American evolutionary biologist

Heather E. Heying (born 1969) is an American evolutionary biologist, former professor, and author, who came to national attention following the Evergreen State College protests in 2017. She has been associated with the informal group known as the intellectual dark web and testified at the US Department of Justice forum on Free Speech on College Campuses in 2018. Heying opposed COVID-19 vaccines and promoted the unproven belief that the drug ivermectin is effective in treating the disease.

== Early life and education ==
Heying was born in Santa Monica, California in 1969 and grew up in Los Angeles. She obtained a BA degree in Anthropology from the University of California, Santa Cruz in 1992, and subsequently went to the University of Michigan in Ann Arbor where she received a PhD in Biology in 2001, with the dissertation titled "The evolutionary ecology and sexual selection of a Madagascan poison frog (Mantella laevigata)."

== Career ==
Until 2017, Heying was a professor of biology at Evergreen State College. Her doctoral research focused on the evolutionary ecology and sexual selection of Mantella laevigata, a Madagascan poison frog. In addition to papers in the reproductive evolutionary adaptations of frogs, Heying has also published a popular work describing her graduate student research in Madagascar, Antipode: Seasons with the Extraordinary Wildlife and Culture of Madagascar (2002).

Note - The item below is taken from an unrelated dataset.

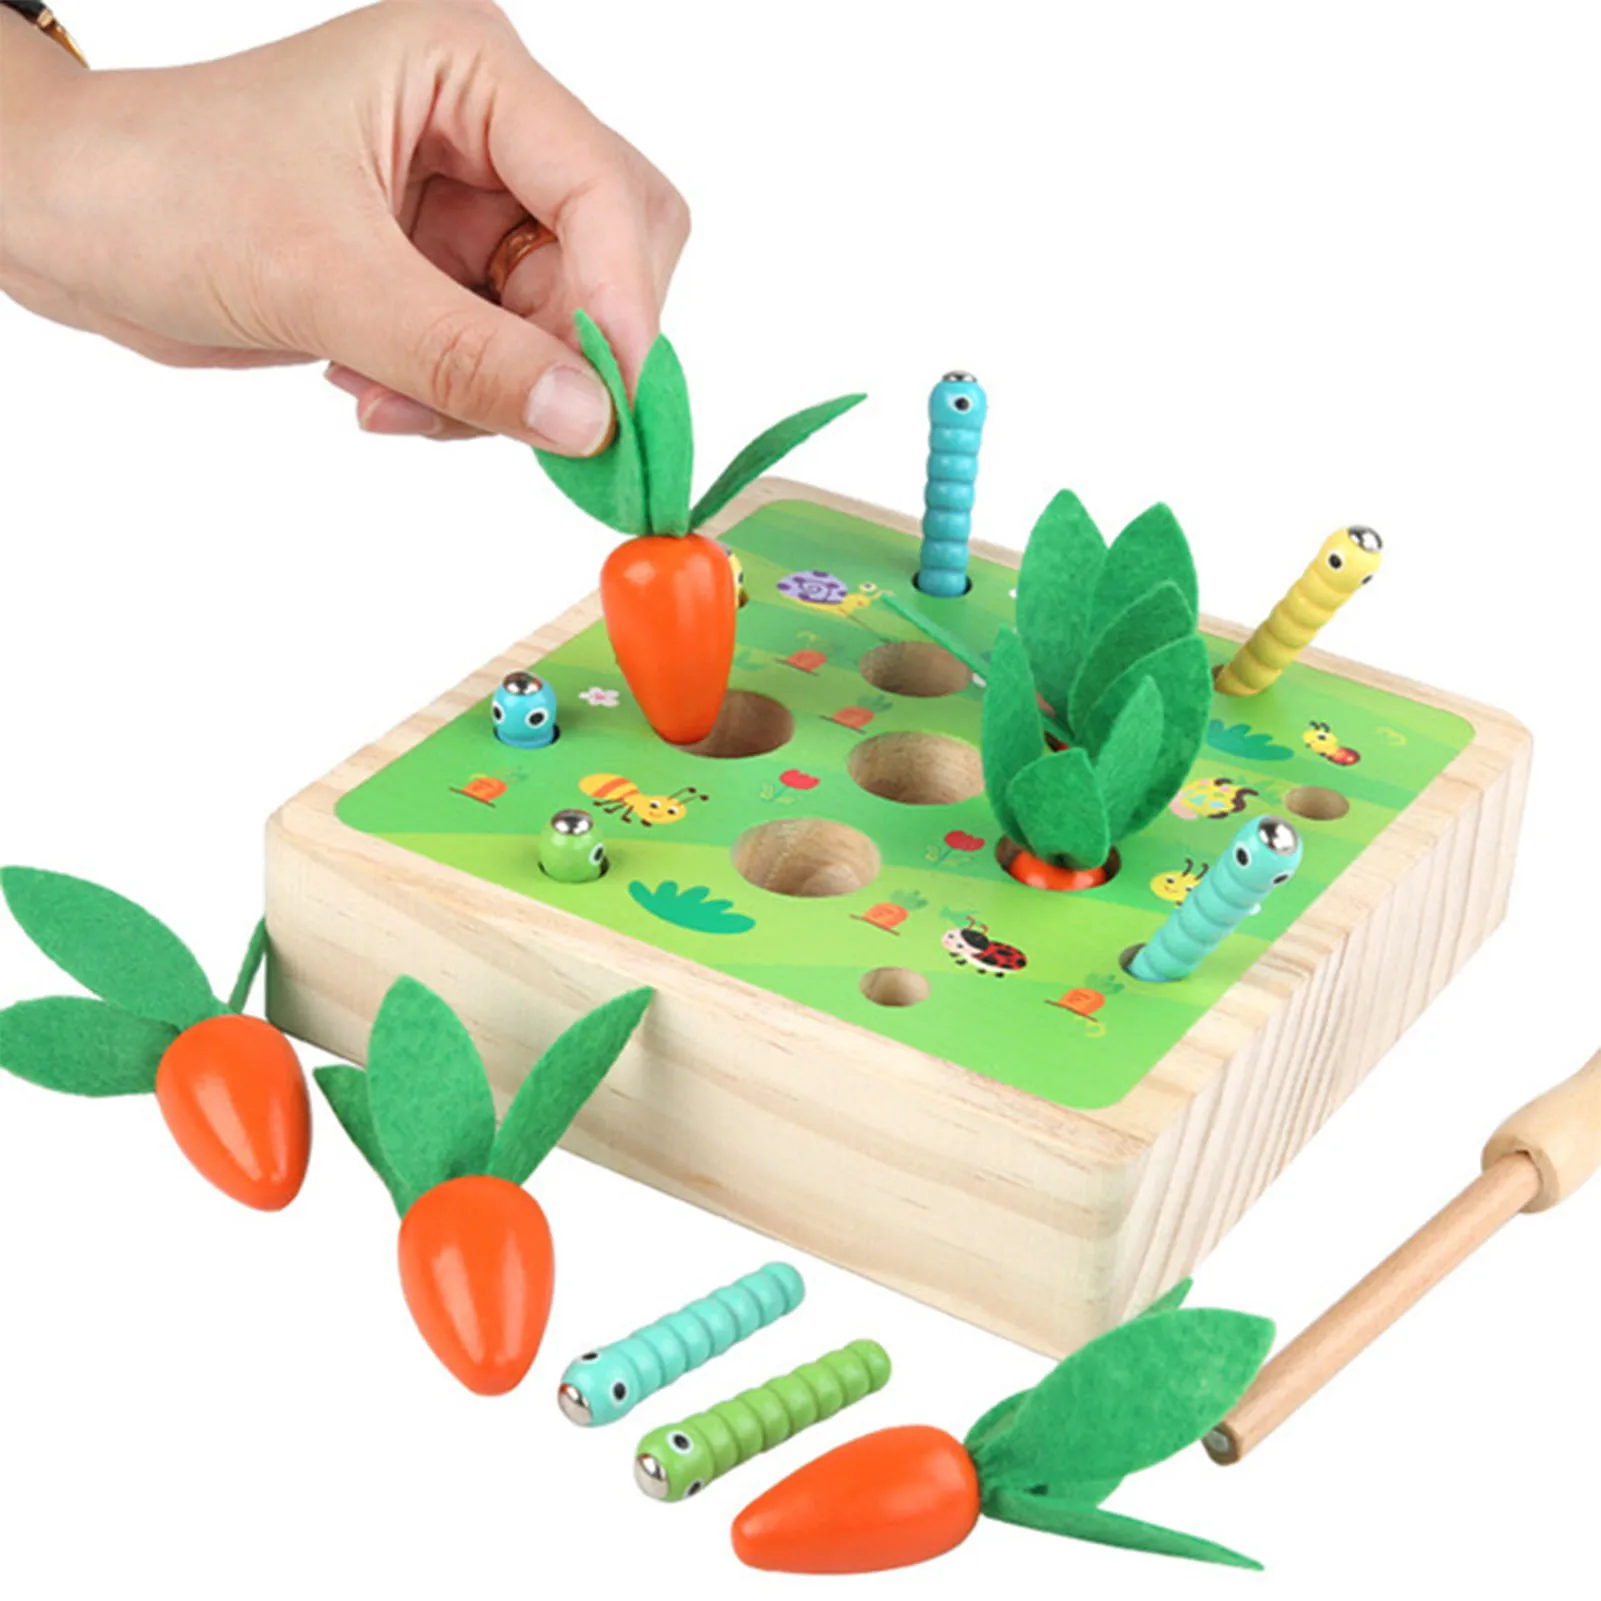 

Игрушка Монтессори, функция вытягивания моркови, альпинийская форма, совпадающий размер, познавательная интерактивная обучающая игрушка д...

=== Evergreen State College protests ===
In July 2017, following a year of student protests at Evergreen State College, which disrupted the campus, including one altercation between protesters and Heying's husband and fellow professor of biology at Evergreen, Bret Weinstein, the pair brought a lawsuit against the college; the $3.85 million suit alleged the college failed to "protect its employees from repeated provocative and corrosive verbal and written hostility based on race, as well as threats of physical violence." A settlement was reached in September 2017, in which both Heying and Weinstein resigned, and received $250,000 each.

=== Post-Evergreen ===
Following her resignation, Heying has written articles and opinion pieces related to evolution and cultural politics for journals and newspapers such as The New York Times and The Chronicle of Higher Education. She co-hosts a weekly podcast, the Darkhorse Podcast, with her husband on his YouTube channel.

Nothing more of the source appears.